Autoantibodies directed against cyclic citrullinated proteins (anti-CCP) has been proposed both as a diagnostic test for rheumatoid arthritis (RA) and as a potential marker of disease activity and/or treatment response. These two potential uses of anti-CCP antibodies will be discussed separately.

Promotion of greater diversity and inclusion in clinical research of historically marginalized groups (e.g., People of Color [African-American, Asian, Black, Latino and Native American]; LGBTQIA (Lesbian, Gay, Bisexual, Transgender, Queer, Intersex, Asexual); Women; and People with Disabilities [Physical and Invisible]) allows policy populations to be more reflective of and findings more applicable to our diverse members. While we also strive to use inclusive language related to these groups in our policies, use of gender-specific nouns (e.g., women, men, sisters, etc.) will continue when reflective of language used in publications describing study populations.

Population Reference No. 1 

Anti-CCP in the Diagnosis of Rheumatoid Arthritis

Current guidelines for the diagnosis of rheumatoid arthritis. The traditional guidelines for diagnosing RA were developed in 1987 and depended on a combination of clinical, laboratory, and radiographic features (see Table 1).(1) This classification system was criticized as suboptimal for use as a diagnostic tool, especially regarding the low sensitivity for patients with early arthritis.(2-4) In 2010, a new set of criteria for diagnosis were developed jointly by the American College of Rheumatology (ACR) and the European League against Rheumatism (EuLAR), which incorporate anti-CCP as a diagnostic criterion for RA(5):

Use of this classification system is intended for patients who have at least 1 joint with clinical evidence of synovitis and for whom the synovitis is not better explained by another disease. For this patient population, a score of 6 or greater is considered to be definitive evidence for RA. (5)

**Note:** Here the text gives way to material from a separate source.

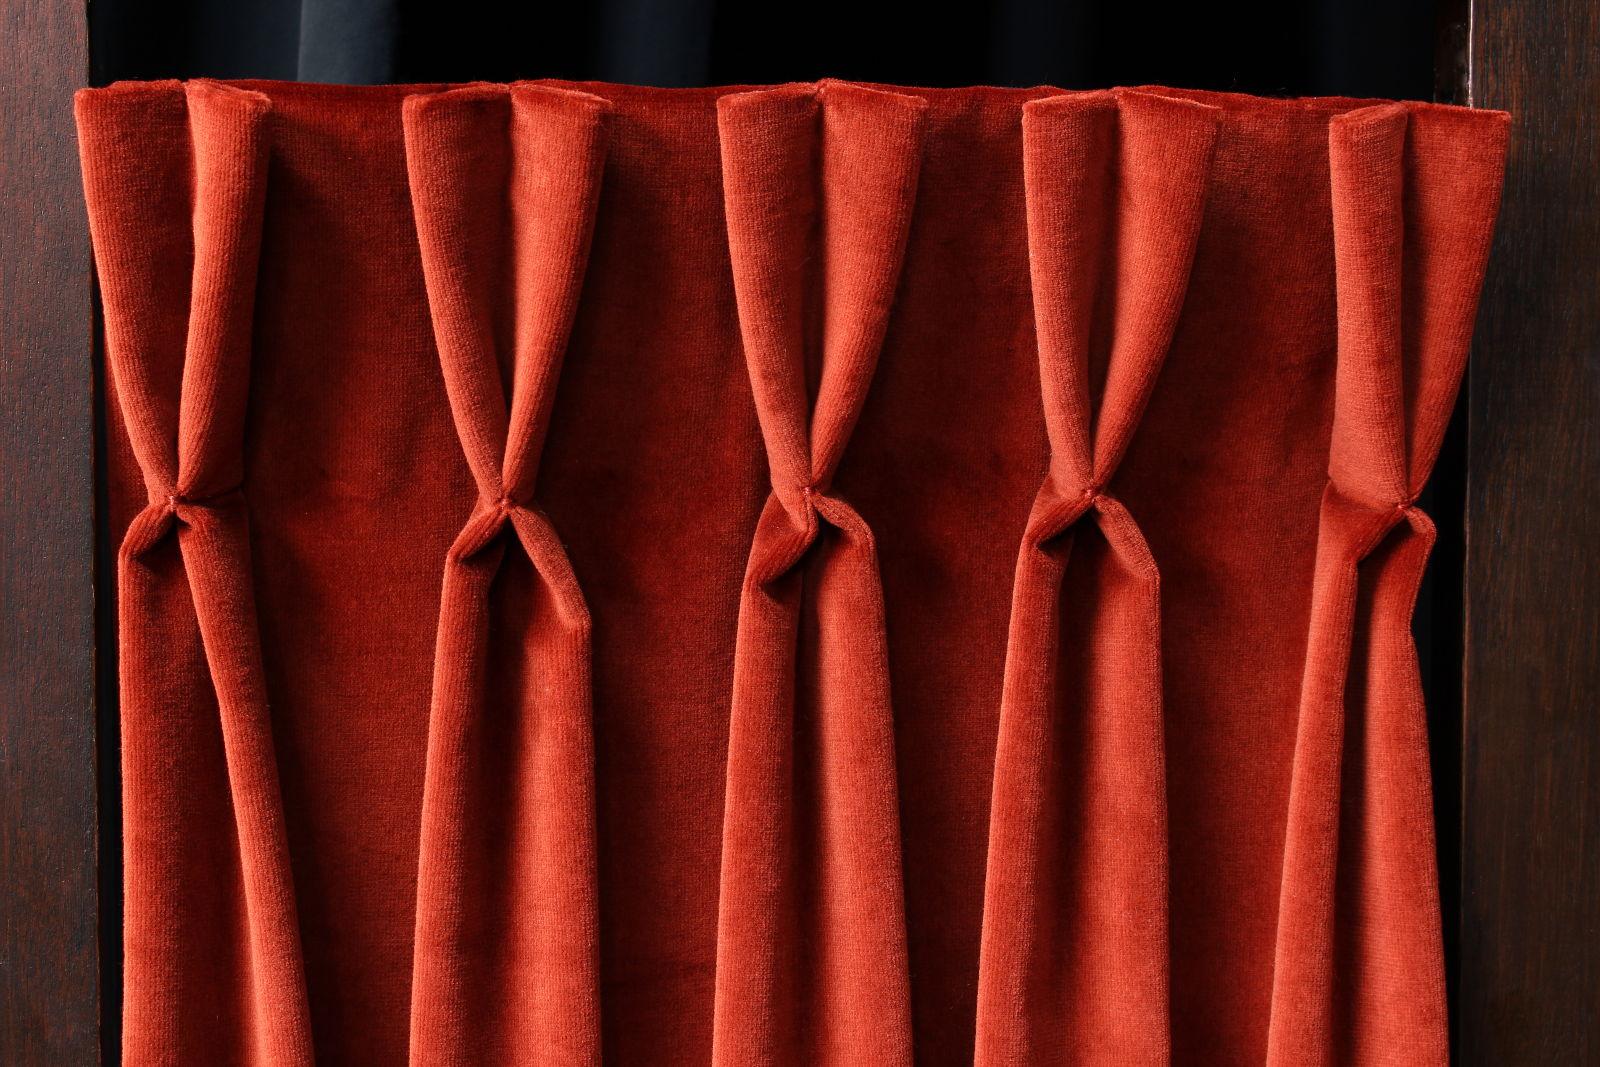 T te de rideaux tapissi re d couvrir m tissage mati res - Tissus pour double rideaux ...

These guidelines are intended to permit diagnosis of RA earlier in the course of the disease. Treatment guidelines for RA support the early initiation of disease-modifying antirheumatic drug (DMARD) therapy to prevent the onset, or slow the progression, of joint damage. (6) The current guidelines assert that early initiation of DMARD therapy leads to better control of disease activity and less joint damage over time. Early treatment with DMARDs can delay, or prevent, joint destruction and disability, thereby improving long-term functional outcomes. Therefore, DMARD therapy should be initiated within 3 months of diagnosis to minimize irreversible joint damage.

Accuracy of anti-CCP in diagnosing RA. The sensitivity and specificity of anti-CCP for the diagnosis of RA has been extensively studied. Several systematic reviews have been published that summarize the available evidence; these are discussed further below. On the most recent update performed in 2012, there continue to be systematic reviews published that summarize the overall diagnostic accuracy of the test.(7) Other research focused on the comparative accuracy of different types of anti-CCP antibodies, such as anti-vimentin.(8-11) The results of these studies may impact the specific type of anti-CCP test performed in clinical care but do not change the overall approach to use of anti-CCP for diagnosing RA.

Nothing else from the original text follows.